Figure 5. The motion of the simulation model.

3.2. Turning motion

The structural modifications that enable the robot to perform turning motions are described in Section 2. The obtained robot is capable of executing turning motions progressively, categorized into three types: (1) restricted planar motion, (2) quantitative turning motion, and (3) marginal exploration motion.

Figure 6(a) exhibits the robot’s body structure during turning motion. Simplifying the offset crease set and the thickness of the thick panel as depicted in Figure 6(b), the Waterbomb structure is abstracted as the Waterbomb origami, with $\varphi _{1}\neq \varphi _{4}, \varphi _{2}\neq \varphi _{3}$ , and $\varphi _{5}\neq \varphi _{6}$ , as illustrated in Figure 6(c). Subsequently, the equivalent kinematic model of the Waterbomb structure is formulated by analyzing this rigid origami, as depicted in Figure 6(d). The robot’s turning motion in the unconstrained state can be equated to a (R + 2S+R)-PRP hybrid mechanism in Figure 7.

Figure 6. The Waterbomb structure in the turning motion.

Figure 7. The mechanism schematic diagram during the unconstrained turning motion.

In the R + 2S+R sub-chain shown in Figure 7, the axis of $R_{7}$ intersects with the axis of $R_{8}$ at point D, the position of point D relative to point O is indicated by $\boldsymbol{r}_{D}$ , and the direction of $P_{11}$ is perpendicular to the moving platform.

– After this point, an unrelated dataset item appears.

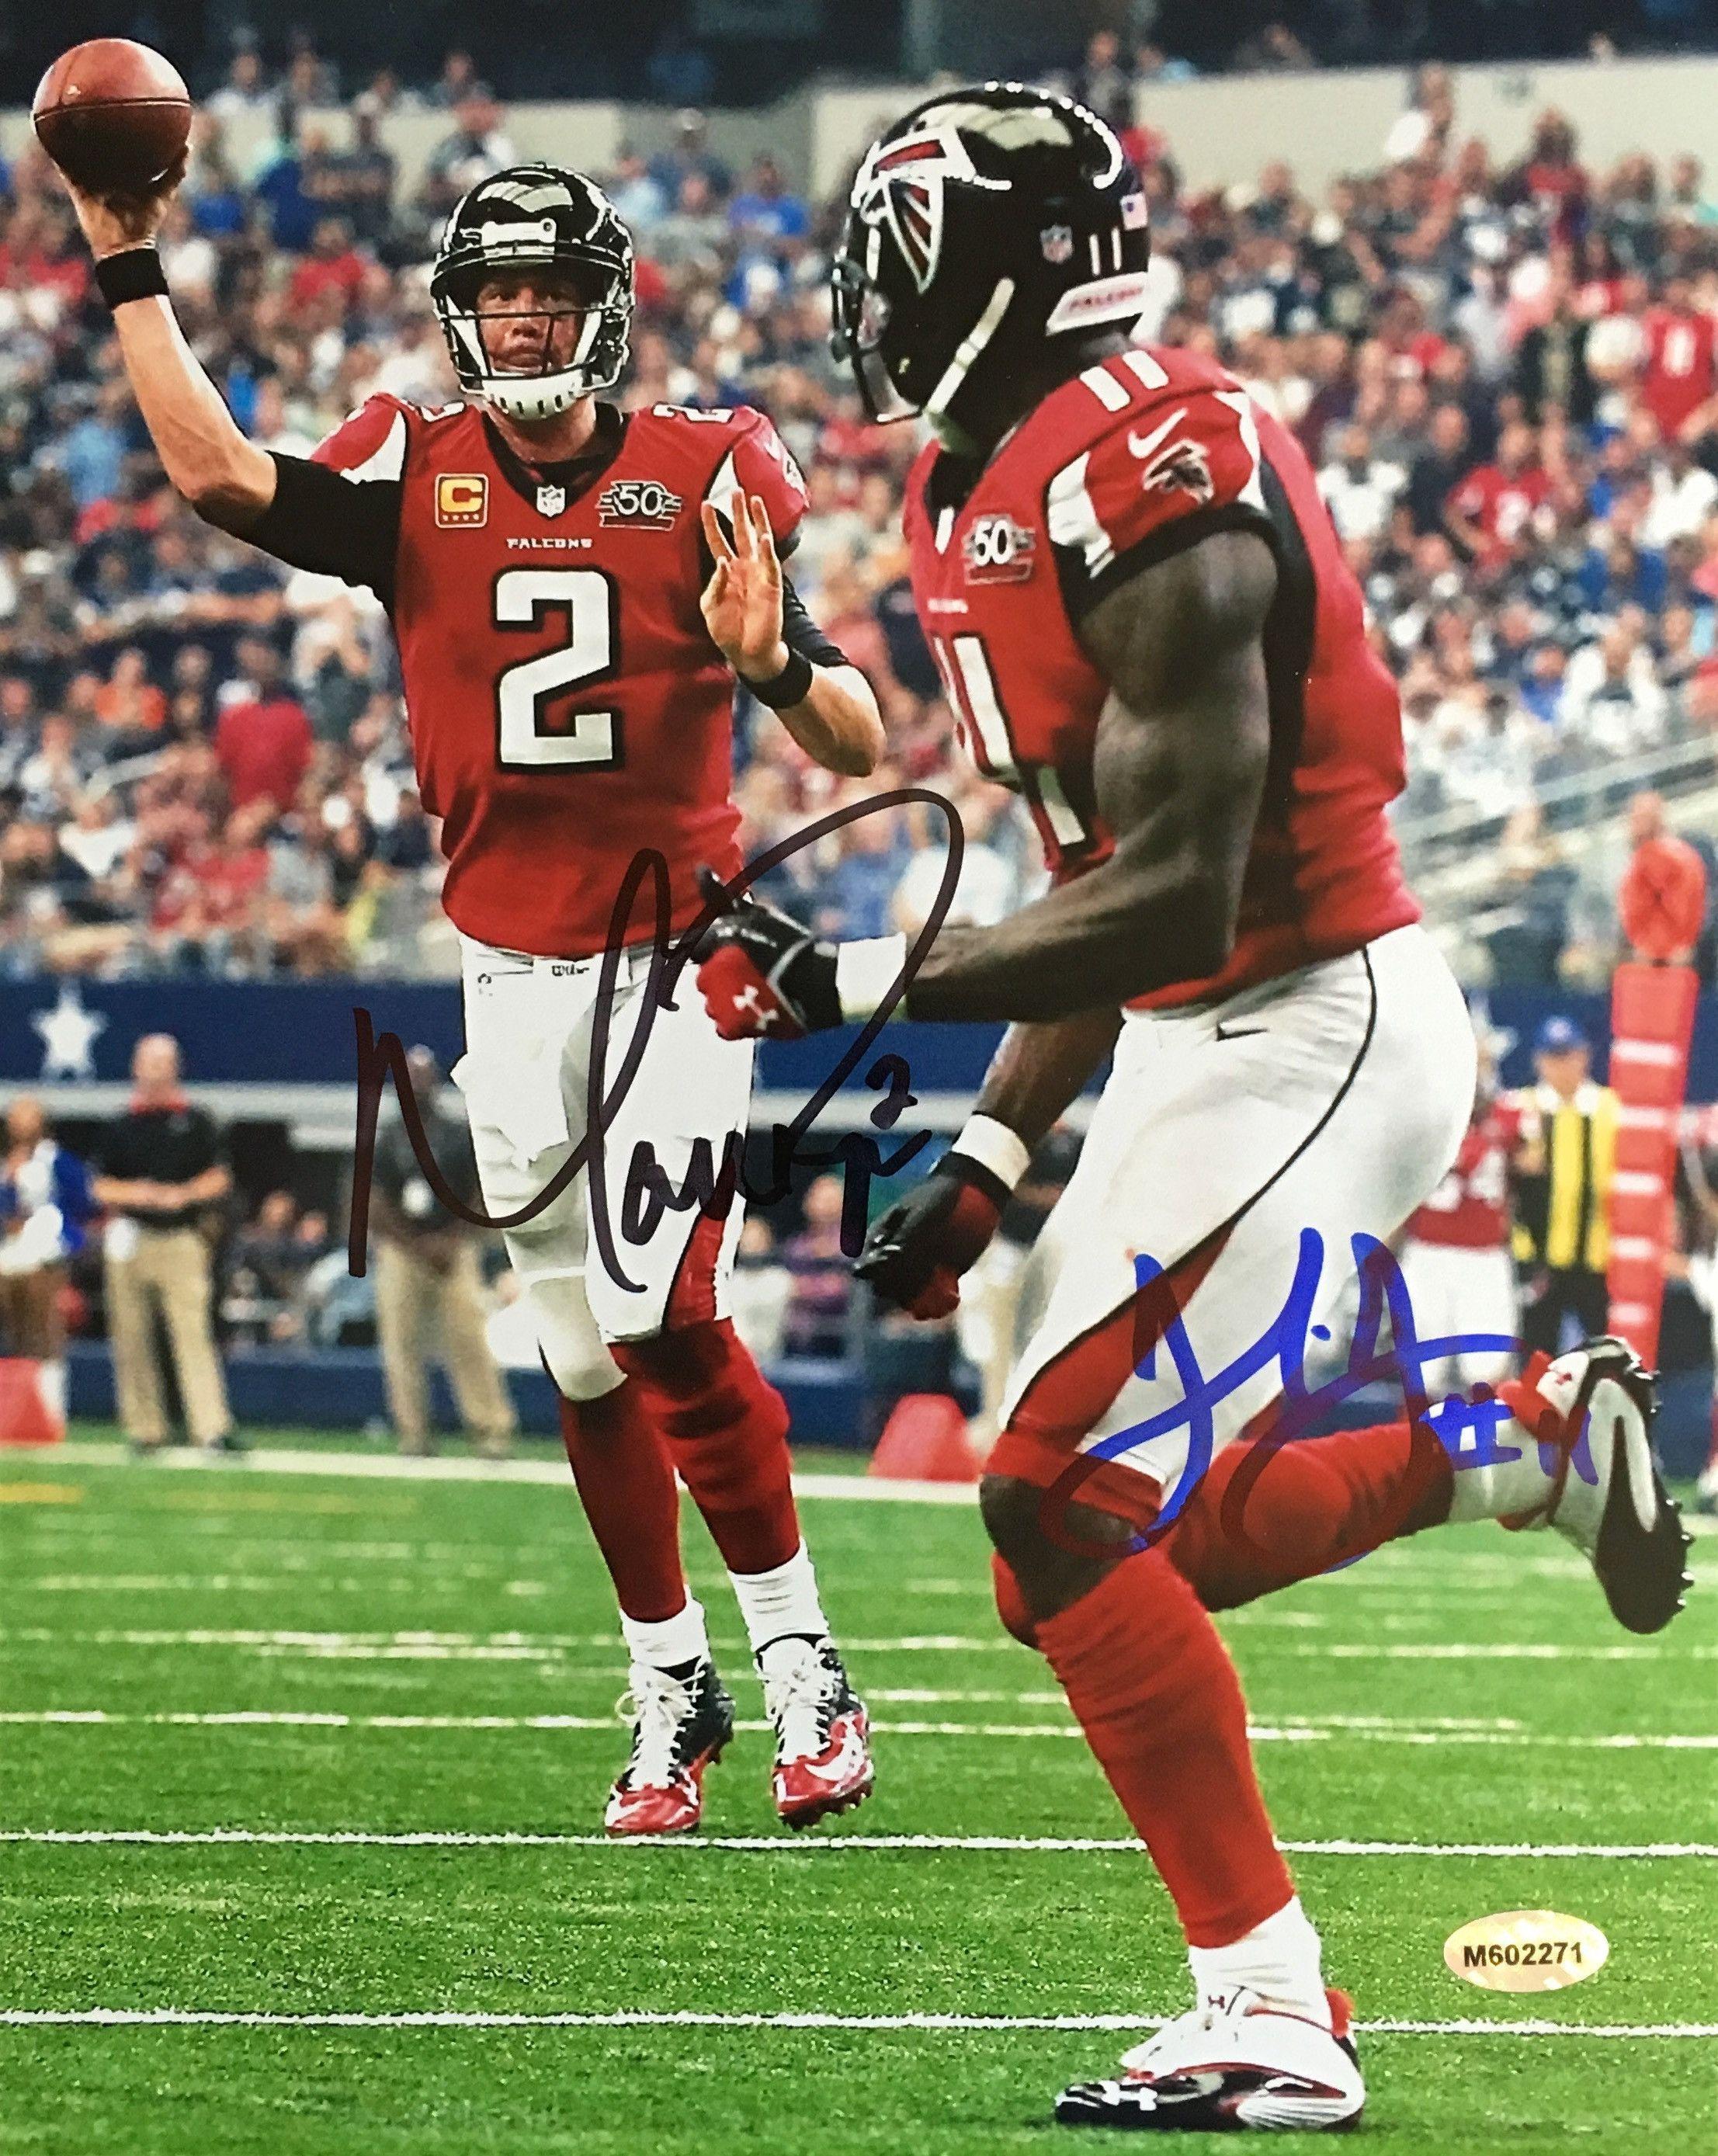 Beautifully Dual Signed 8x10 Photo Featuring The Autographs Of Nfl Mvp Matt Ryan And Star Wr Julio Jones The Si Julio Jones Atlanta Falcons Football Matt Ryan

The constraint wrench subspace of the R + 2S+R sub-chain is computed as

(3a) \begin{align} \boldsymbol{W}_{\alpha }=\text{span}\left\{\begin{array}{c} \frac{\boldsymbol{r}_{D}-\boldsymbol{r}_{C}}{\left| \boldsymbol{r}_{D}-\boldsymbol{r}_{C}\right| }\\[3pt] \boldsymbol{r}_{C}\times \frac{\boldsymbol{r}_{D}-\boldsymbol{r}_{C}}{\left| \boldsymbol{r}_{D}-\boldsymbol{r}_{C}\right| } \end{array}\right\} . \end{align}

The constraint wrench subspace of the PRP sub-chain can be obtained as

(3b) \begin{align} \boldsymbol{W}_{\beta }=\text{span}\left\{\begin{array}{c} \mathbf{0}\\ \boldsymbol{s}_{y} \end{array},\, \begin{array}{c} \mathbf{0}\\ \boldsymbol{s}_{11} \end{array},\, \begin{array}{c} \boldsymbol{s}_{z}\\ \boldsymbol{r}_{C}\times \boldsymbol{s}_{z} \end{array}\right\} . \end{align}

By solving the reciprocal screw for the union of Eq. (3a) and Eq. (3b), the twist subspace for the (R + 2S+R)−PRP hybrid mechanism after turning is computed as

(3c) \begin{align} \boldsymbol{T}_{P}=\text{span}\left\{\begin{array}{c} \boldsymbol{s}_{z}\\ \boldsymbol{r}_{C}\times \boldsymbol{s}_{z} \end{array},\, \begin{array}{c} \mathbf{0}\\ \frac{\boldsymbol{r}_{8}-\boldsymbol{r}_{7}}{\left| \boldsymbol{r}_{8}-\boldsymbol{r}_{7}\right| } \end{array}\right\} . \end{align}

The specific details of the derivation process are shown in Appendix.

Analyzing the twist subspace and displacement manifold, it is revealed that the robot can realize translation along the line $OO^{\prime}$ and rotation around the axis whose direction is $\boldsymbol{s}_{z}$ and passes through point C during the turning motion.

3.2.1. Restricted plane motion

The analysis for the equivalent kinematic model reveals that the designed robot has two degrees of freedom (DoFs) during the unconstrained state. The anterior and posterior legs of the robot can achieve two DoFs relative movement within a restricted planar environment, as illustrated in Figure 5(III–V). And the turning amplitude can be computed by the relative positions of the centers of the anterior and posterior legs, as depicted in Figure 5(IV) and Eq. (4).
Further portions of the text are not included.